The reshuffle better positions Zelensky to manage the political risks of negotiations while preserving multiple pathways to legitimize a potentially unpopular deal. By elevating Budanov into the presidential inner circle, Zelensky will neutralize a credible potential contender in the case of a presidential election. The move also binds Budanov to the negotiation process, ensuring that responsibility and blame for any difficult trade-offs will be shared and not borne by Zelensky alone. This could reduce the political cost of compromise and strengthen Zelensky's ability to argue that decisions on war and peace reflect a collective leadership judgment. If negotiations produce terms that prove politically risky and toxic for Ukraine (a likely outcome given current dynamics), Zelensky will likely seek to hold a referendum on the proposed peace deal, potentially combining it with presidential elections, to broaden the base of legitimacy and dilute individual accountability. A combined "referendum-election" arrangement would likely favor Zelensky as the incumbent, as voters facing high-stakes security choices tend to prioritize continuity and risk avoidance. At the same time, holding a referendum and a presidential election simultaneously could itself threaten to derail the peace agreement, as voters could reject the deal outright or rally behind a candidate campaigning on a pledge to continue fighting, effectively collapsing the negotiated settlement. In an alternative scenario, if negotiations fail and fighting continues, Ukraine will likely find itself in a weaker position, as battlefield attrition and Western fatigue erode Kyiv's leverage. In this scenario, even the prospect of security guarantees for Ukraine, however imperfect, would likely dissipate. Regardless, Ukraine still faces profound structural challenges, including demobilization, adverse demographic trends and the challenge of funding postwar reconstruction. And if EU membership does not materialize, Kyiv may ultimately be forced to adopt neutrality to deter renewed Kremlin aggression and stabilize its long-term security environment. 

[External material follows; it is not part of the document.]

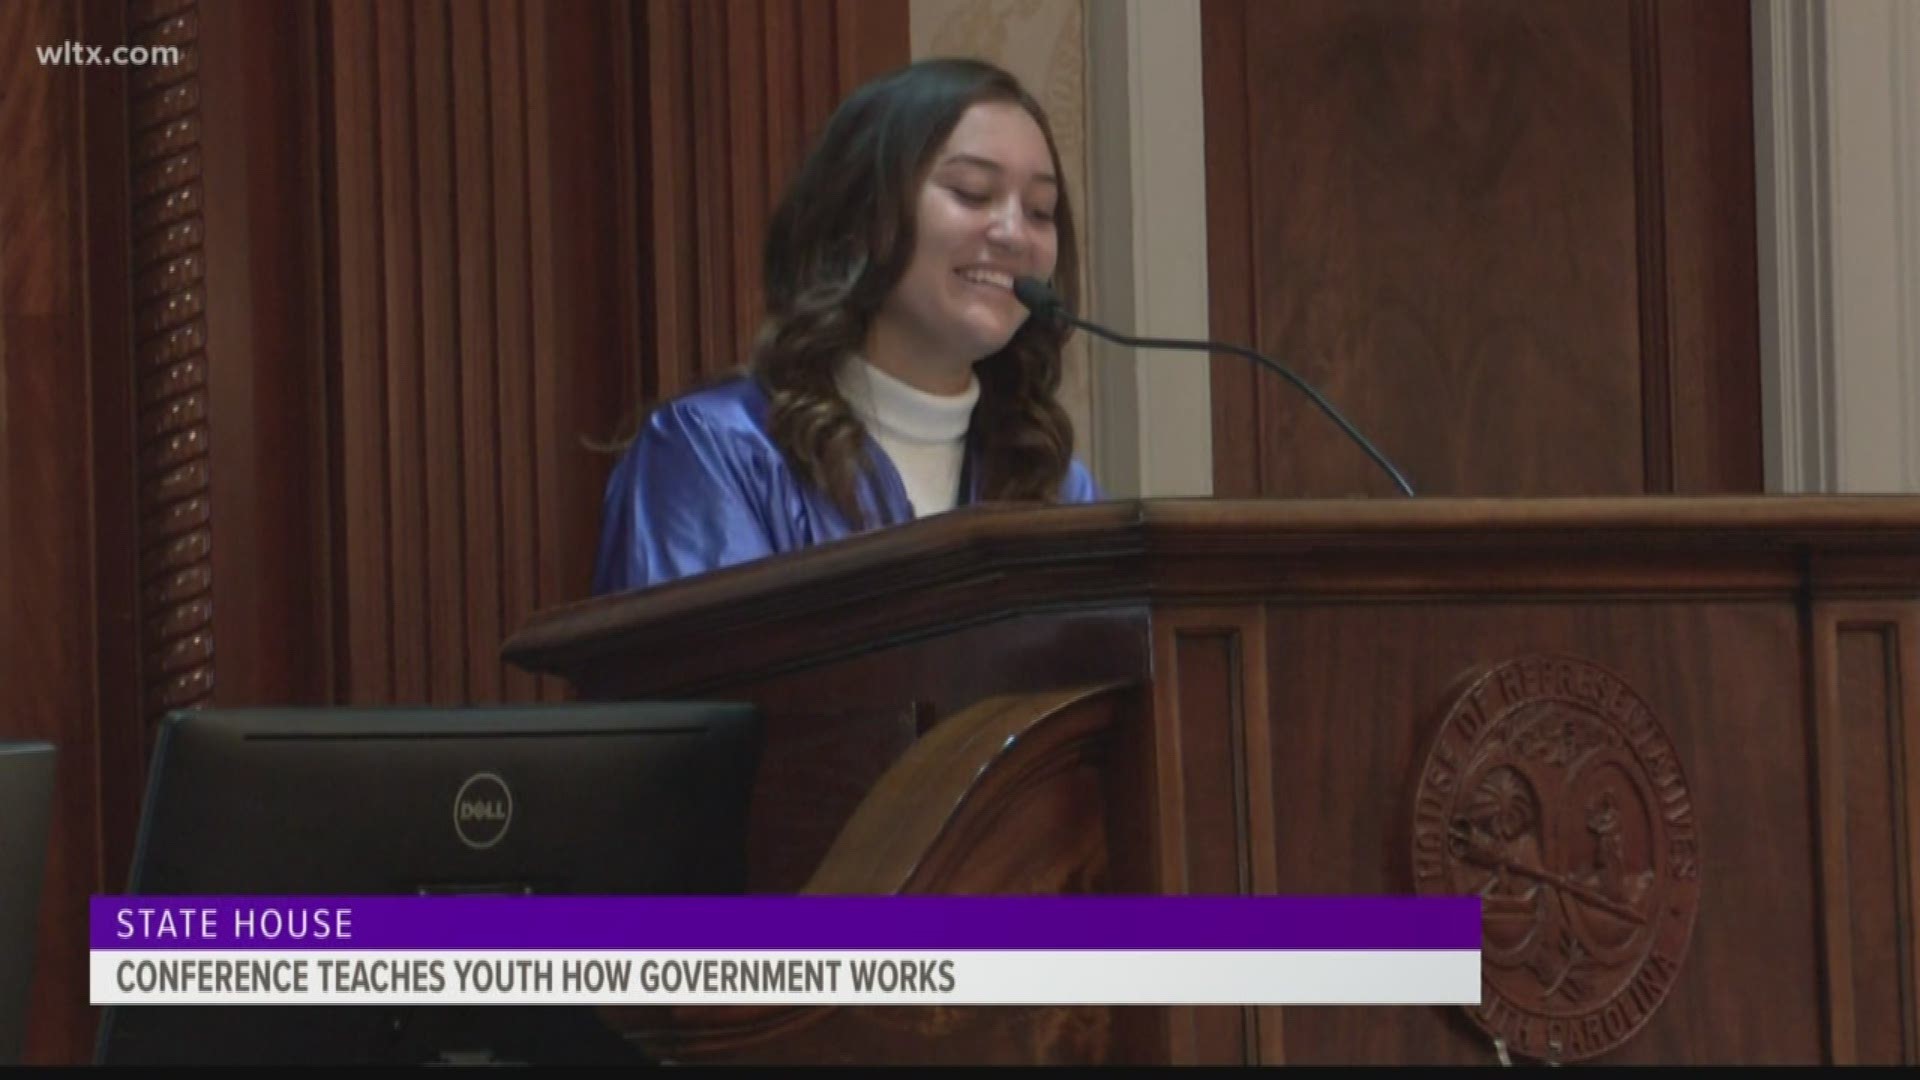 More than 1,600 students gathered at the State House for the South Carolina YMCA's youth in government and model legislature conference, an annual event.
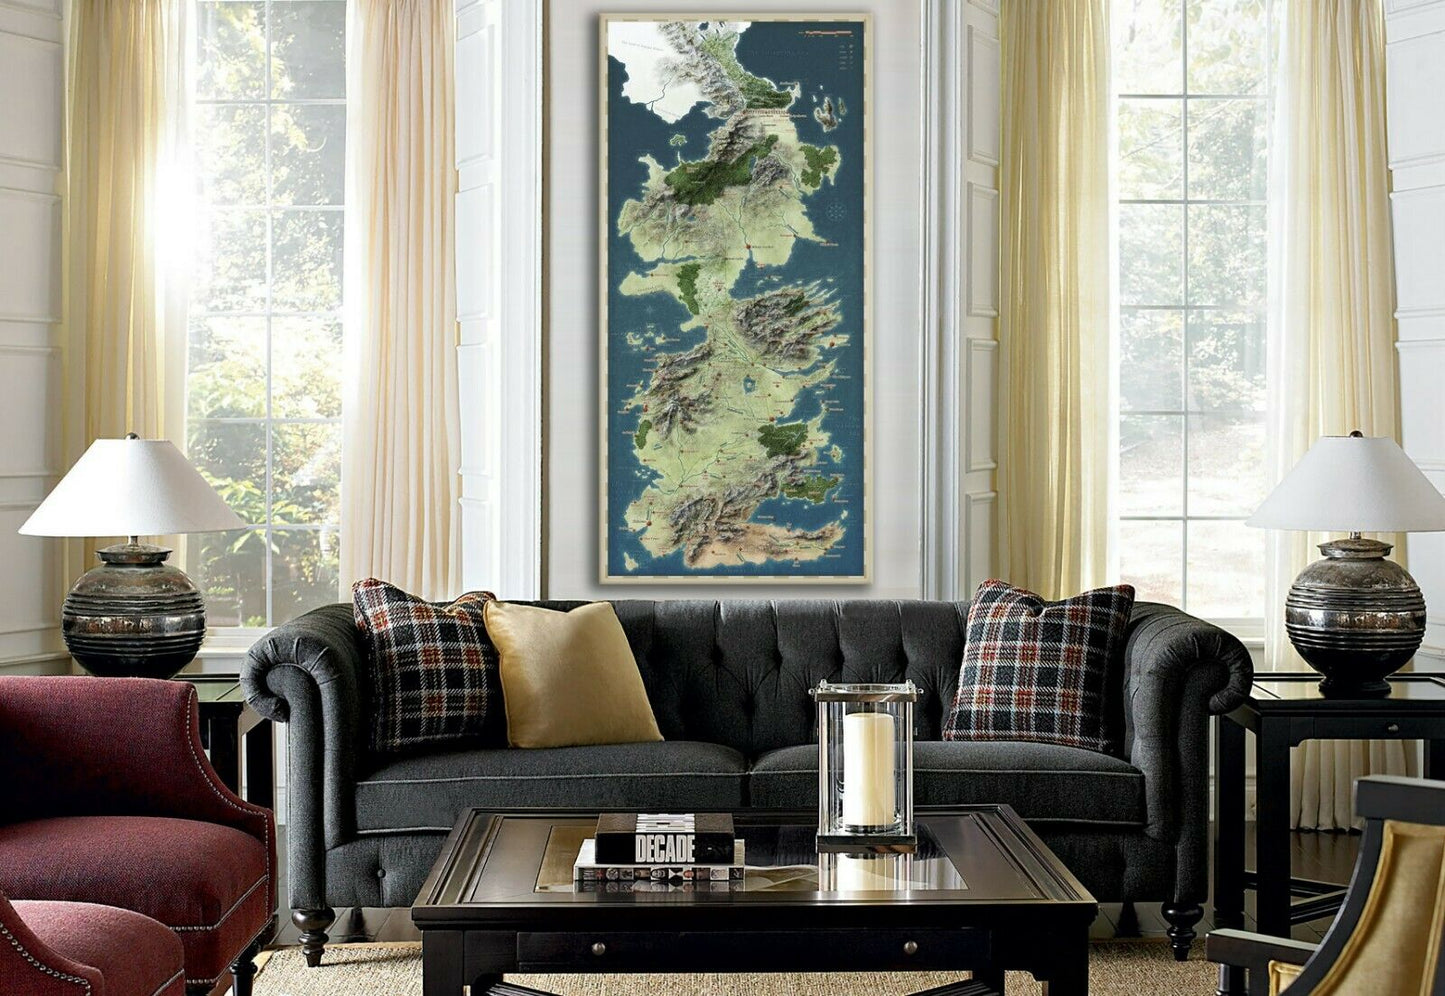 Game of Thrones Westeros Map Framed Canvas Prints Wall Decor Painting Big Size

  • A recent poll, conducted by the Kyiv International Institute of Sociology and published on Jan. 16, found that about 55% of Ukrainians support holding a referendum on a potential peace agreement, while roughly 32% oppose such a referendum. However, polls continue to show that a majority of Ukrainians oppose territorial concessions to Russia, including formal recognition of occupied territories as part of Russia.
  • The terms of Ukraine's parliament and presidency expired in 2023 and 2024, respectively, but elections have been repeatedly delayed due to the ongoing war. Zelensky has stated that he is prepared to hold elections if international partners can ensure adequate security. He has also instructed parliament to draft proposals allowing for changes to election rules under martial law.
  • Recent opinion polling suggests that if a presidential election were held today, Zelensky would narrowly lead in the first round but likely lose in a runoff to former Armed Forces Commander-in-Chief Valerie Zaluzhnyi. An alternative projection suggests that Budanov could also outperform Zelensky.